EDITOR: Joseph Lookofsky

Decision by the Danish Supreme Court (Højesteret), 3 May 2006, as reported in UfR 2006.2210 (H), including excerpts from the award rendered by an (ad hoc) arbitral tribunal in Denmark on 10 November 2000.

In the dispute underlying these proceedings, which involved the interpretation of the relevant CISG rules, as well as Nordic standard terms of agreement (Nordiske Leveringsbetingelser), a Danish seller (S) had supplied a large machine (designed to mass-produce concrete slabs for pig sties) to a Canadian buyer (B). The machine delivered proved unfit (Article 35(2)(a-b)), and after S's failure to repair, B declared the contract avoided. When S refused to acknowledge its (fundamental) breach, B revoked (tilbagekaldte) its declaration (and pursued other remedies, including damages).

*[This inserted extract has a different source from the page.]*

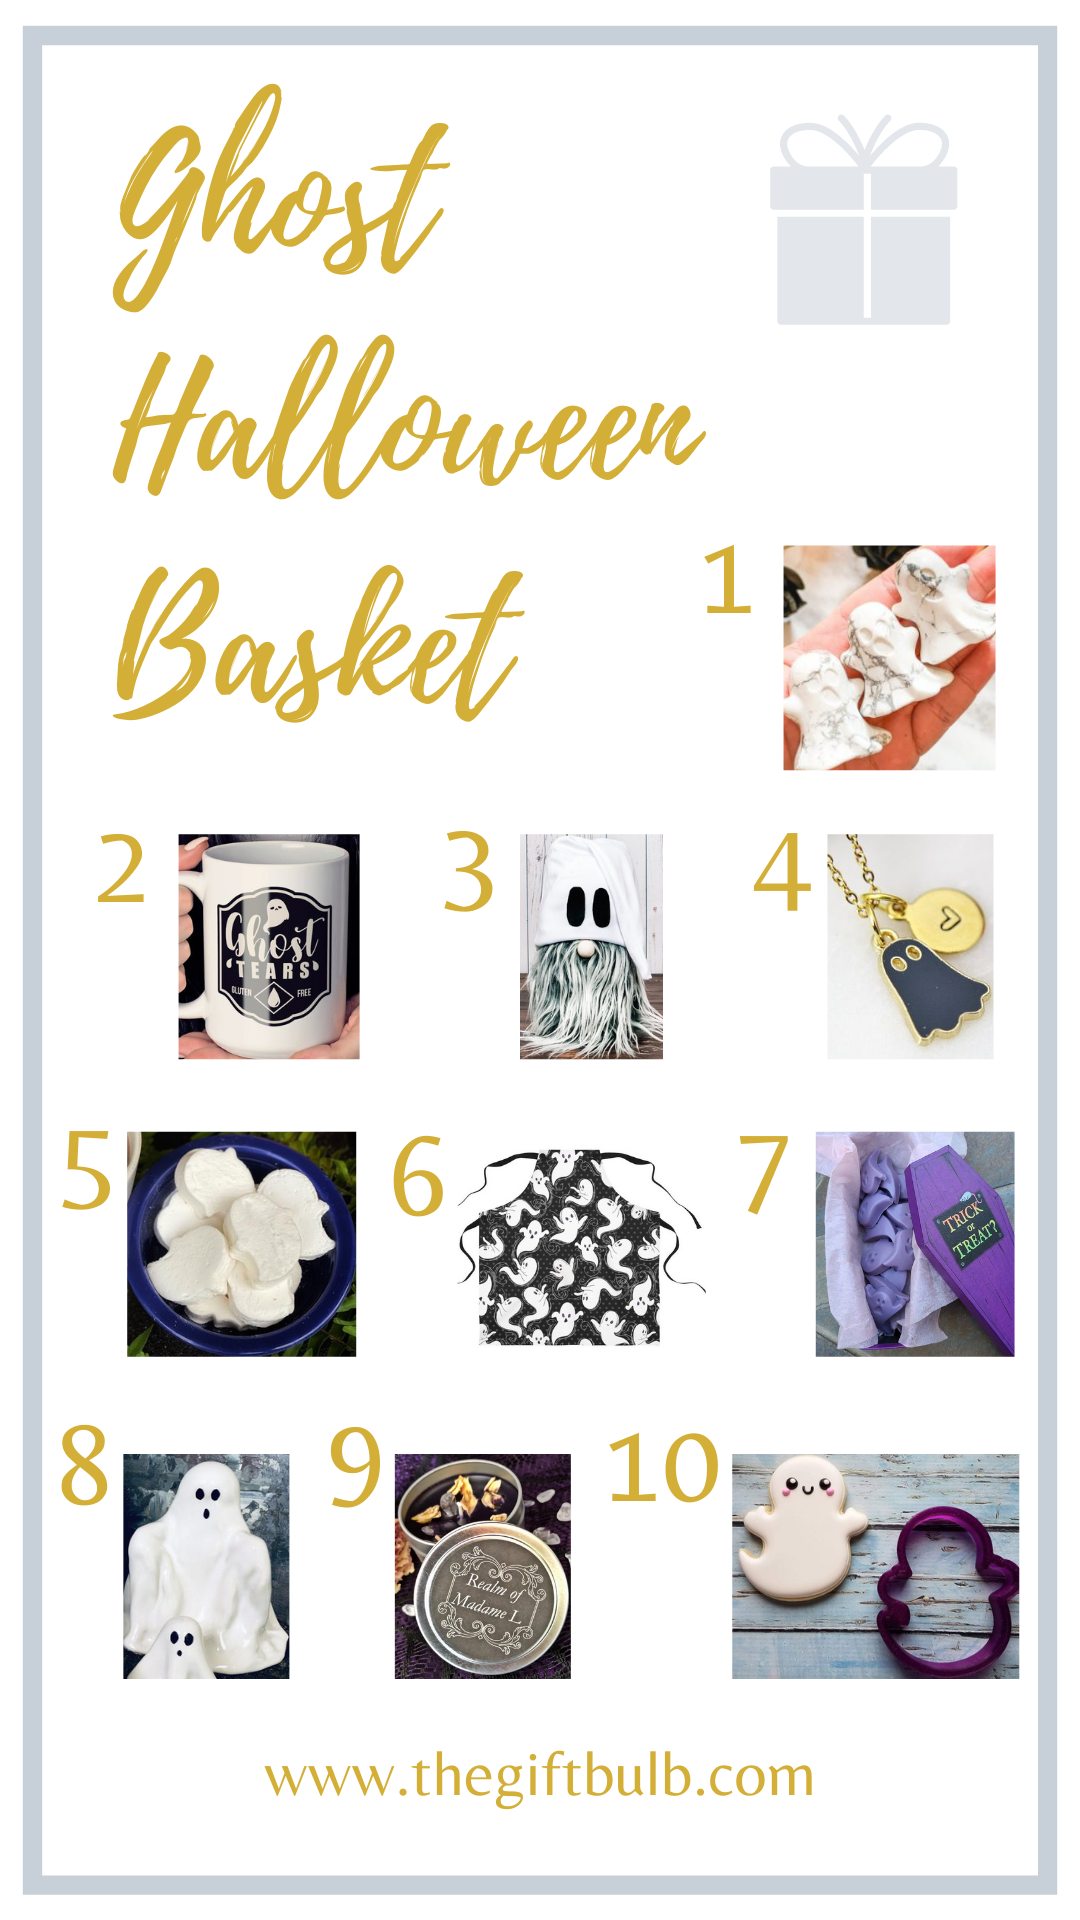 Ghost Halloween Basket

In these circumstances, the arbitral tribunal held B entitled to revoke: see id., p. 2219.

Although the extract of the award included in the Supreme Court judgment (at id., rejecting a malpractice claim by S against its attorney) includes neither the tribunal's own reasoning nor references to secondary sources of CISG law on the revocation issue, Professor Schlechtriem has persuasively argued that the "matter" of whether a declaration of avoidance is binding upon the declaring party is "governed but not settled" by the Convention and that "estoppel," a CISG general principle, can be used to "settle" it: see Schlechtriem in Schlechtriem & Schwenzer, Commentary, Art. 27, para. 14; accord Müller-Chen, id., Art. 45, para. 15(bb).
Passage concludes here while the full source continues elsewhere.